PROMPT:
In the records below, find the line with "Generisch, Nahaufnahme der", then copy each line exactly until you have copied the line with "Вечное сокровище, газета. 2020 №5 стр.7". Leave any picture out.

PROVIDED RECORDS:
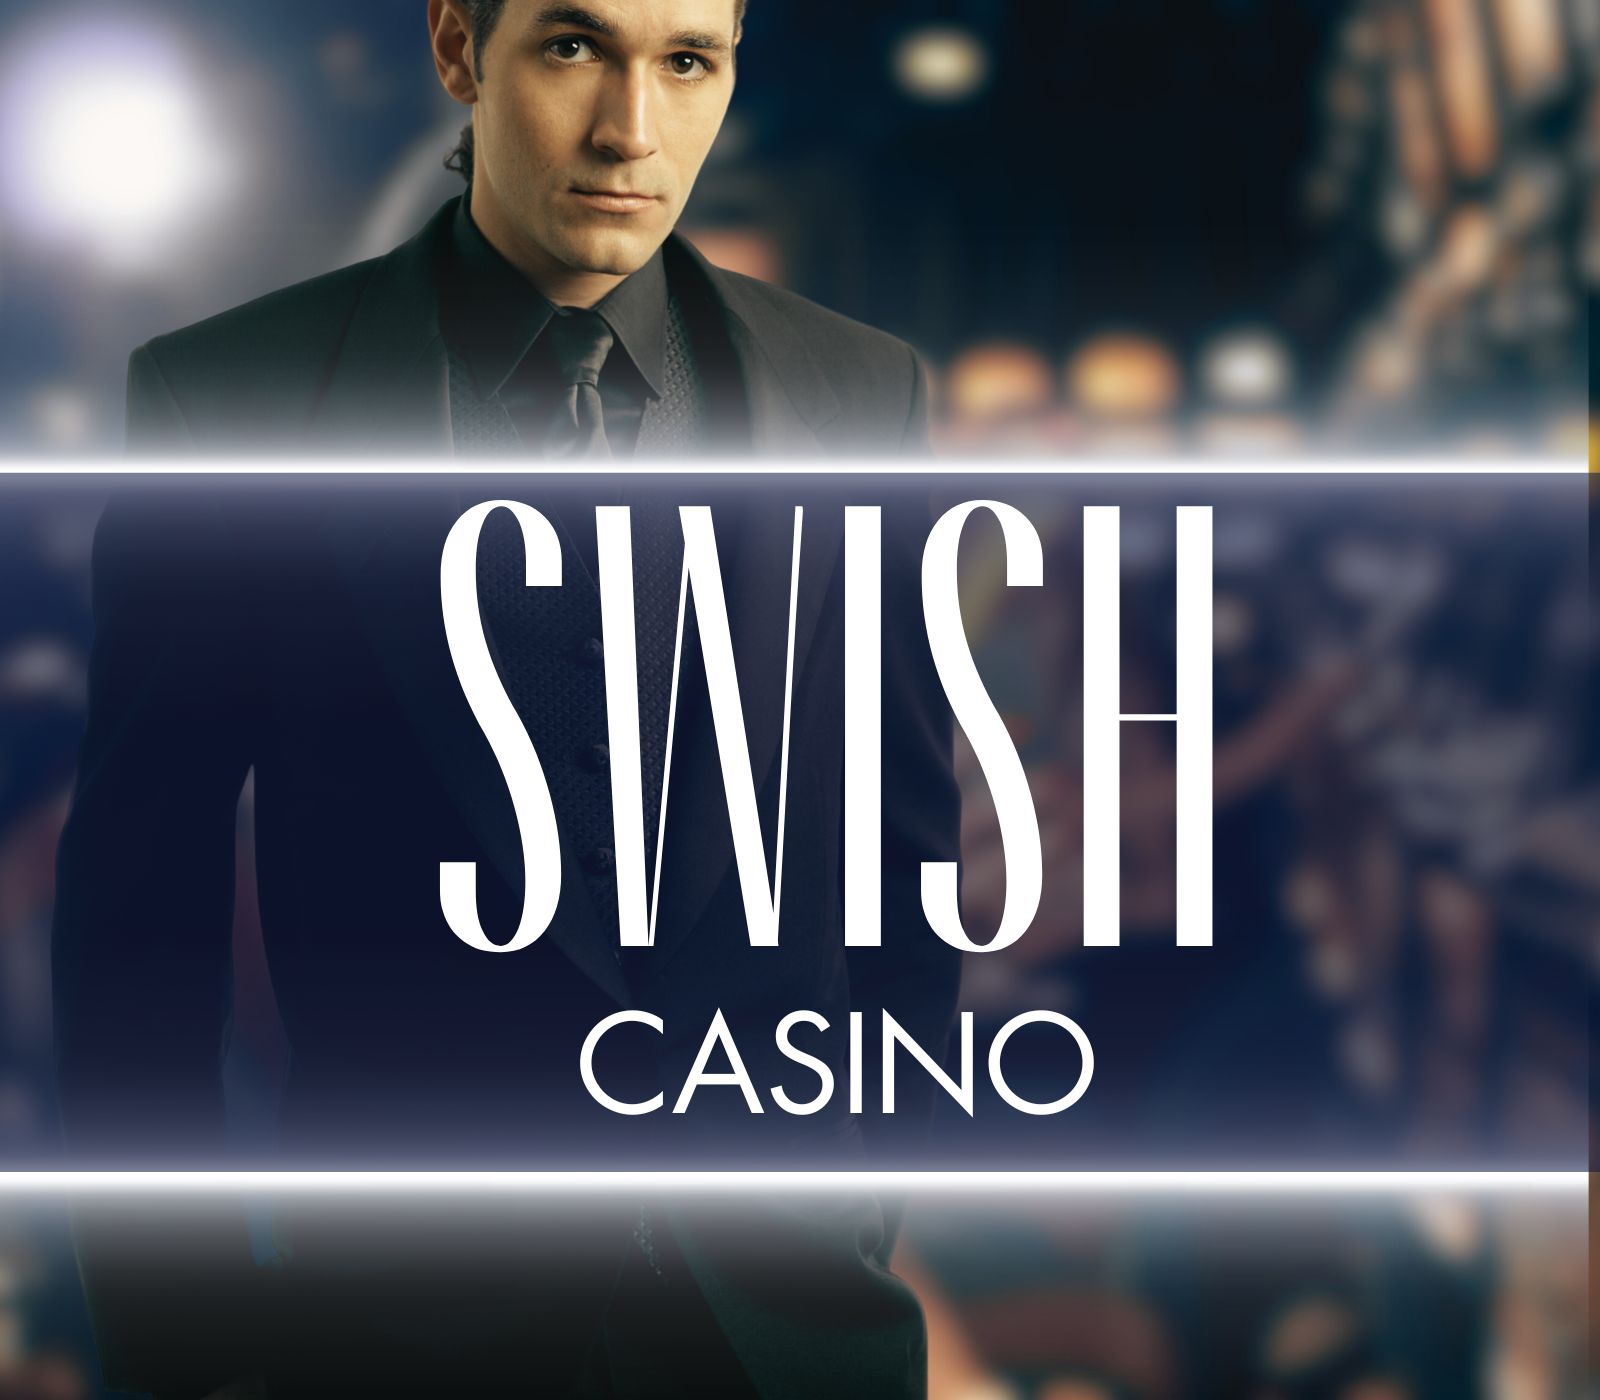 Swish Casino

---

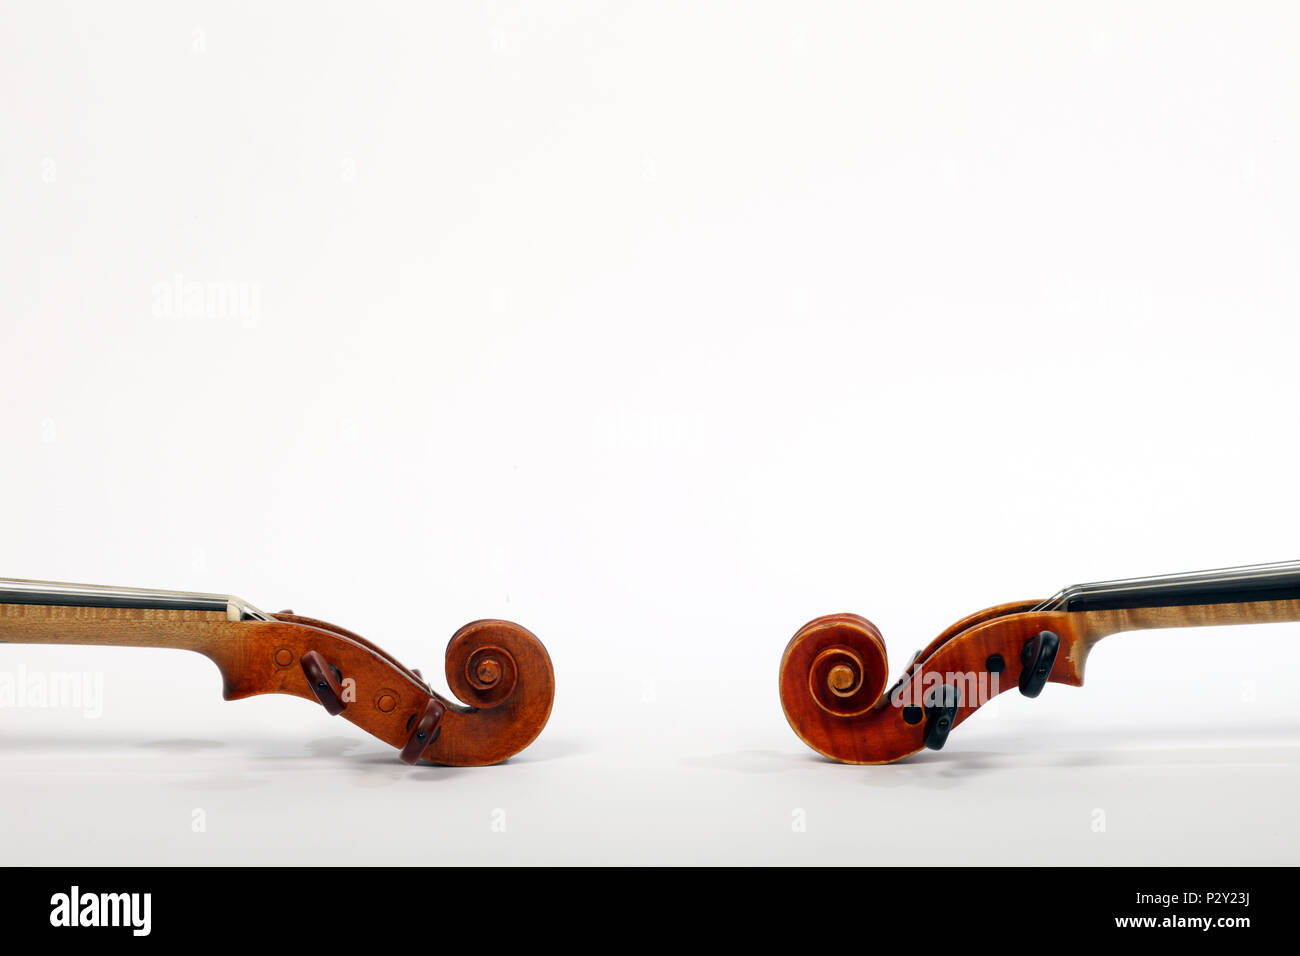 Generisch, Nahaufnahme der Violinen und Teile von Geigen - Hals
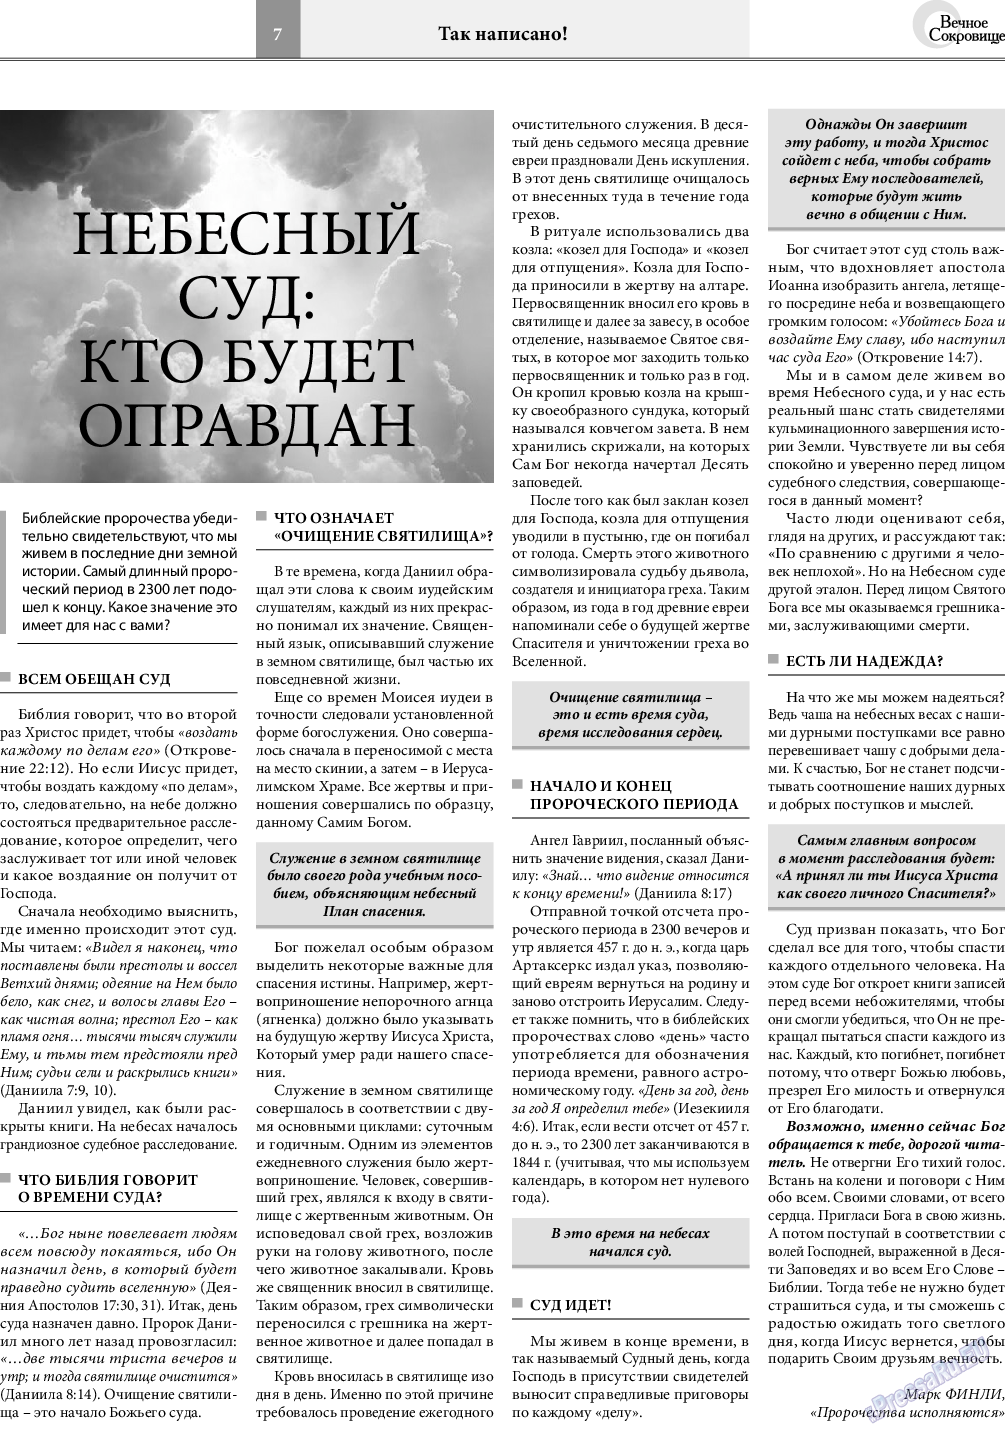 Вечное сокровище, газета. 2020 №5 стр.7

WRITTEN RESPONSE:
 Generisch, Nahaufnahme der Violinen und Teile von Geigen - Hals
 Вечное сокровище, газета. 2020 №5 стр.7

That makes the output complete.